UArctic is a child of the Arctic Council cooperation, which in turn is one of the outcomes of the 1987 Murmansk speech by the Soviet leader Mikhail Gorbachev – the speech that led to a surge in East-West collaboration in the Arctic.
Over the years Arctic cooperation has expanded from environmental issues to cover many areas of people-to-people, academic and economic cooperation. In spite of recent global challenges the Arctic has remained a zone of peace and cooperation, as stated by president Putin in his annual Arctic Conference. While challenges do have an effect on Arctic cooperation on a daily basis, the will to collaborate remains strong. An example is the new binding agreement on scientific cooperation in the Arctic that has now been ratified by all Arctic countries and came into force in May 2018 as a main result of the US Arctic Council Chairmanship.
Adaptation to climate change and dealing with the impacts of globalization are at the core of a sustainable future of the Arctic. People-to-people collaboration is crucial if we are to find solutions that bring hope and prosperity for the coming generations, while still preserving the qualities of the strong northern cultures. It is also essential that we who work in and for the Arctic take to heart the importance of northern relevance in education and training of professionals, academics and future leaders of the North. UArctic is the framework for such joint efforts, and we will continue to build locally and regionally relevant tools that enable collaboration between people and institutions of the North.

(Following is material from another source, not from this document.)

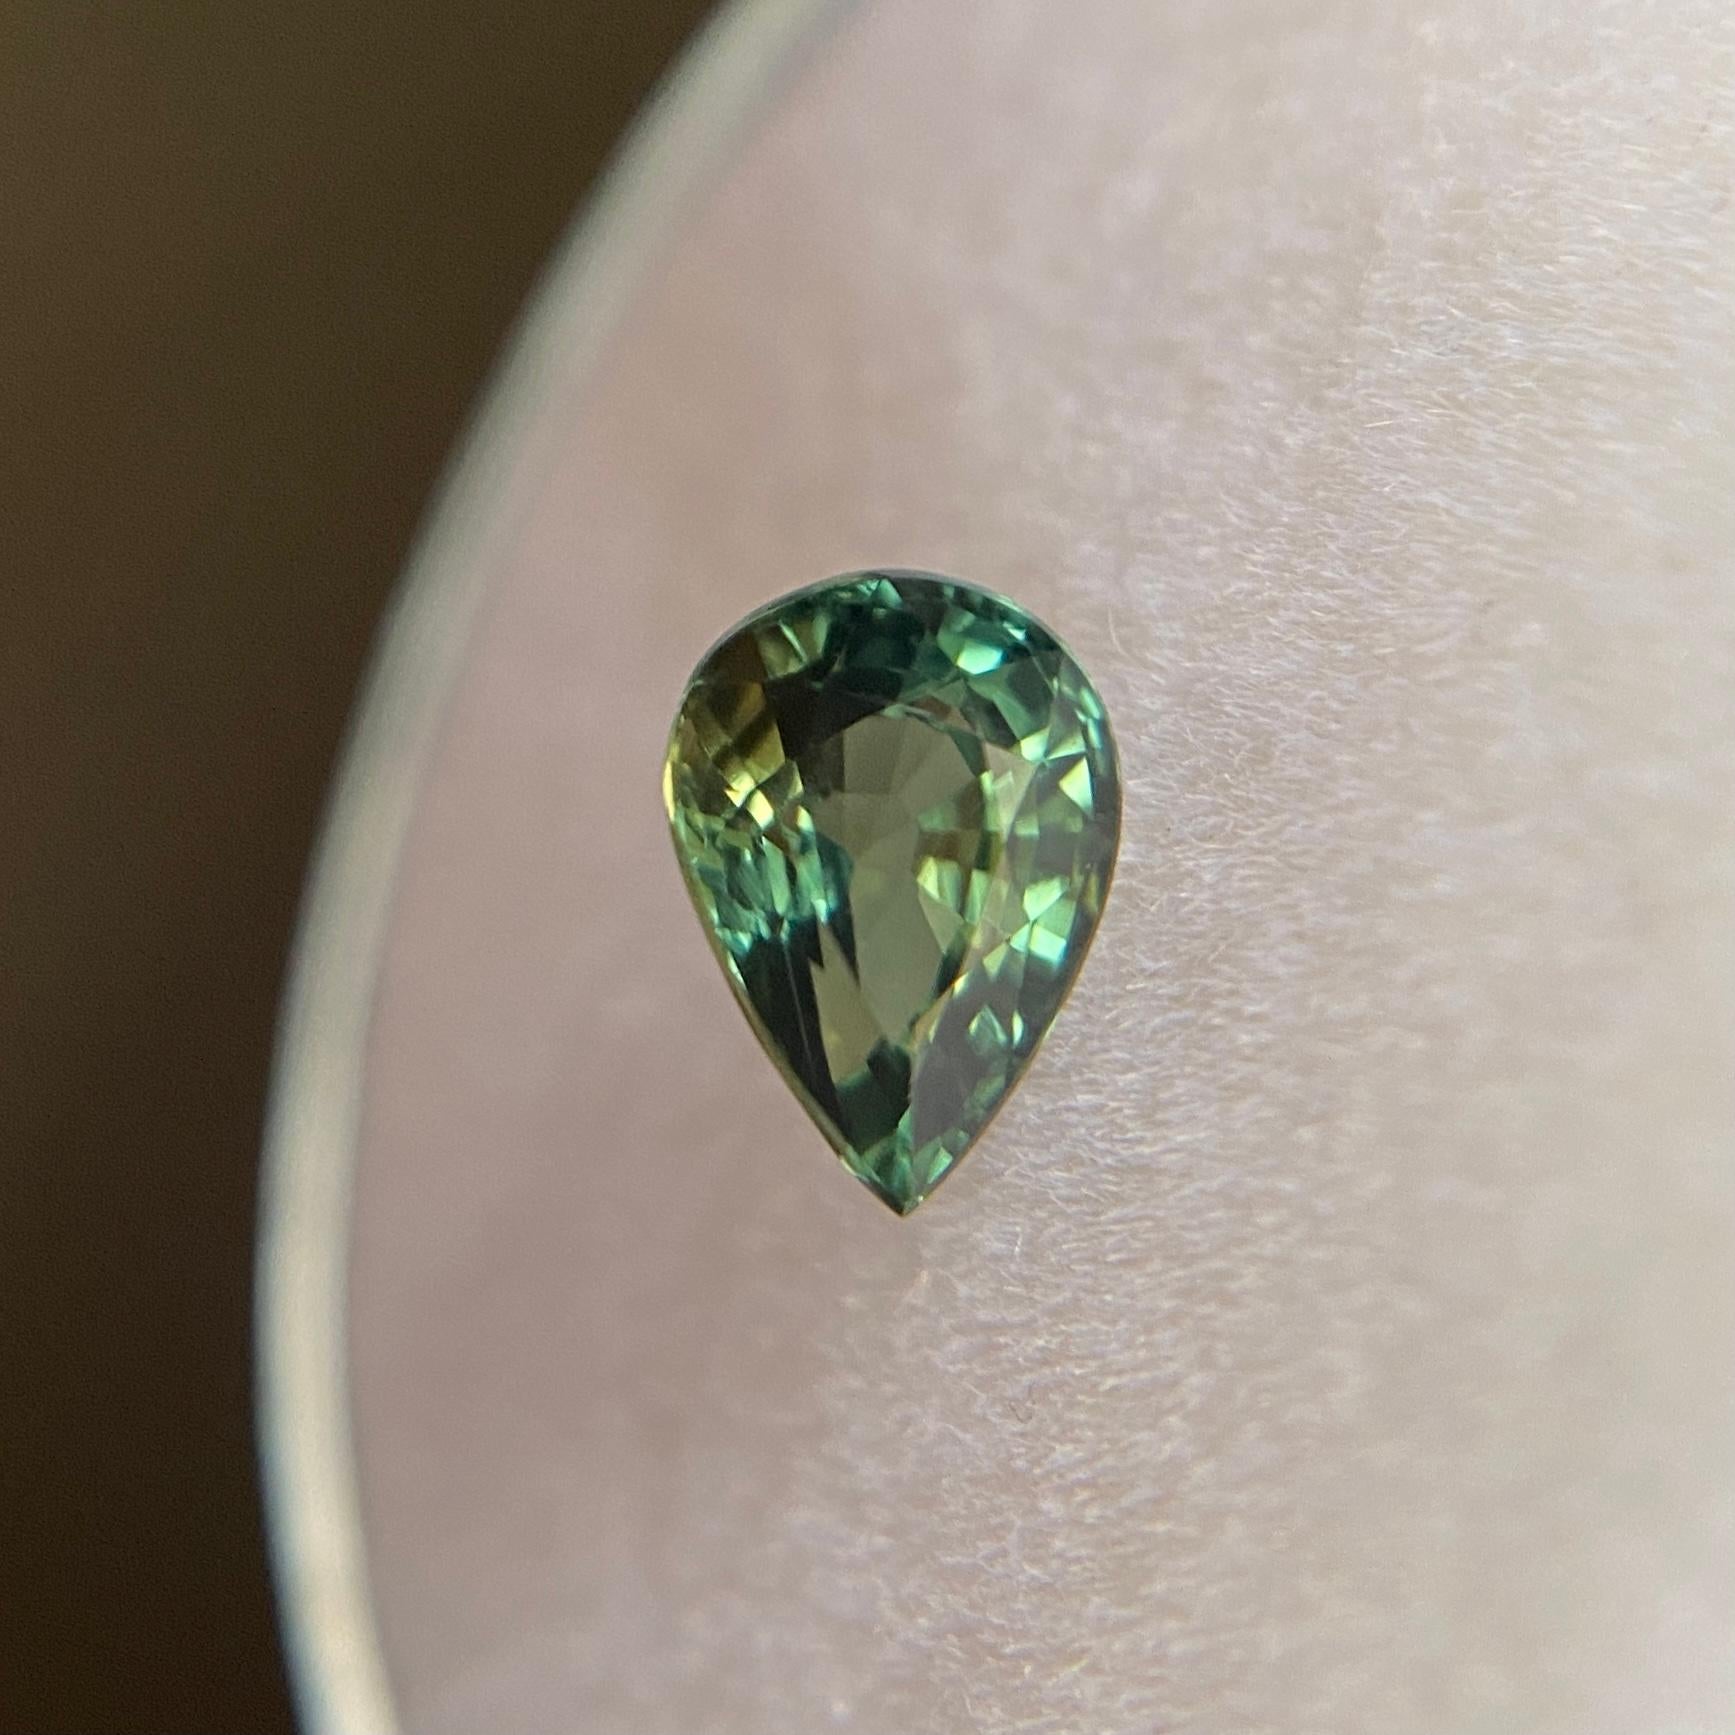 tear shaped gem
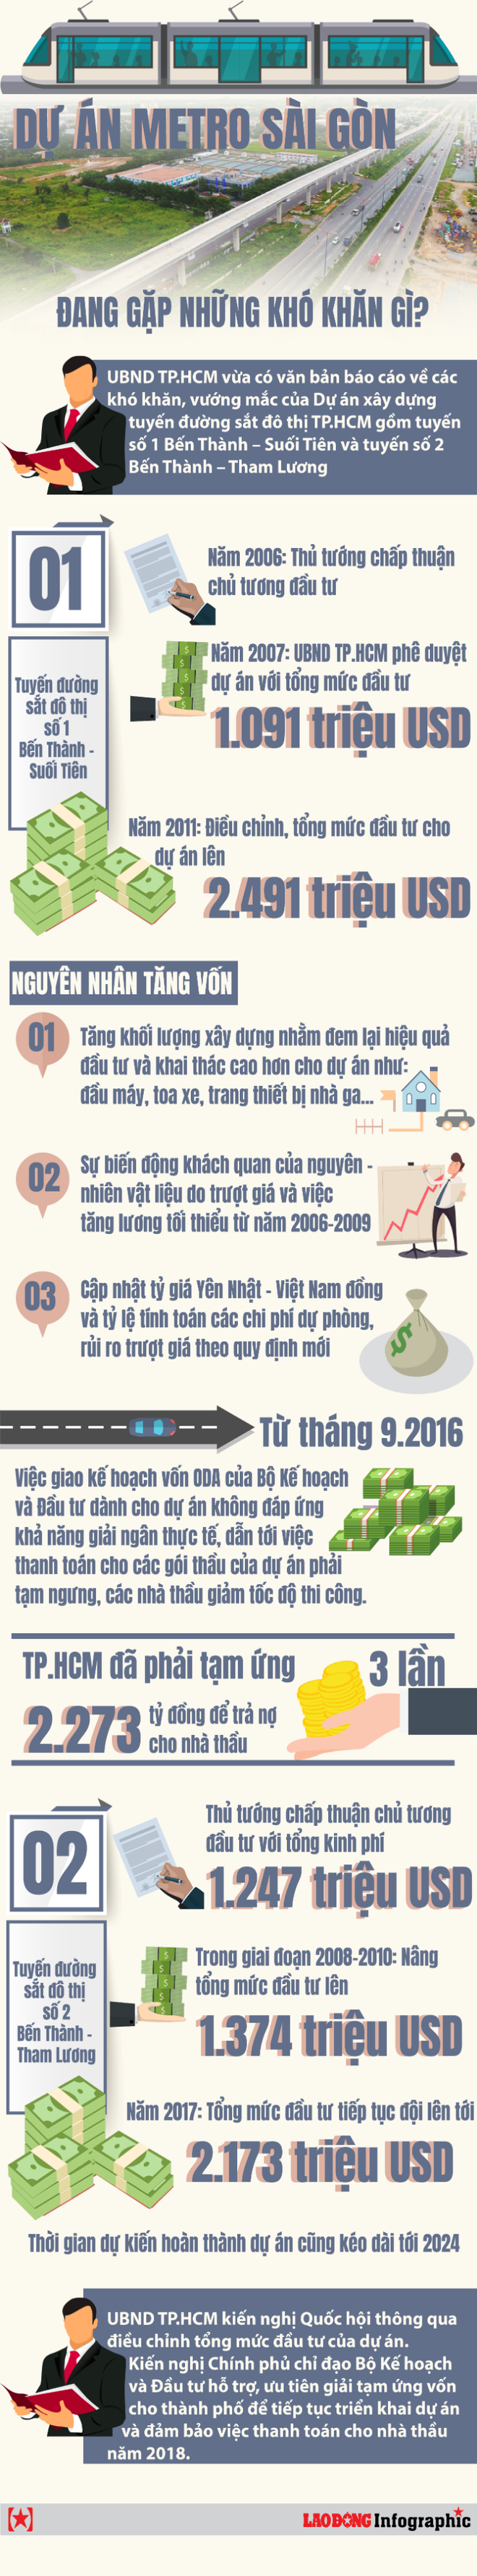 [Infographic] Dự án metro Sài Gòn đang gặp những khó khăn gì? - Ảnh 1.

During a time when international politics challenge the Arctic collaboration, it is more important than ever that the academic community become flagbearers for science diplomacy. When we are successful there is also hope for the governmental collaboration in the Arctic, and the Arctic can continue to grow as a zone of peace and collaboration where people, governments, regional authorities and academia all contribute to our common future.
The successful Arctic Council is indeed a worthy Nobel Peace Prize nominee, and with continued success it can serve as a model for many other regions in the world.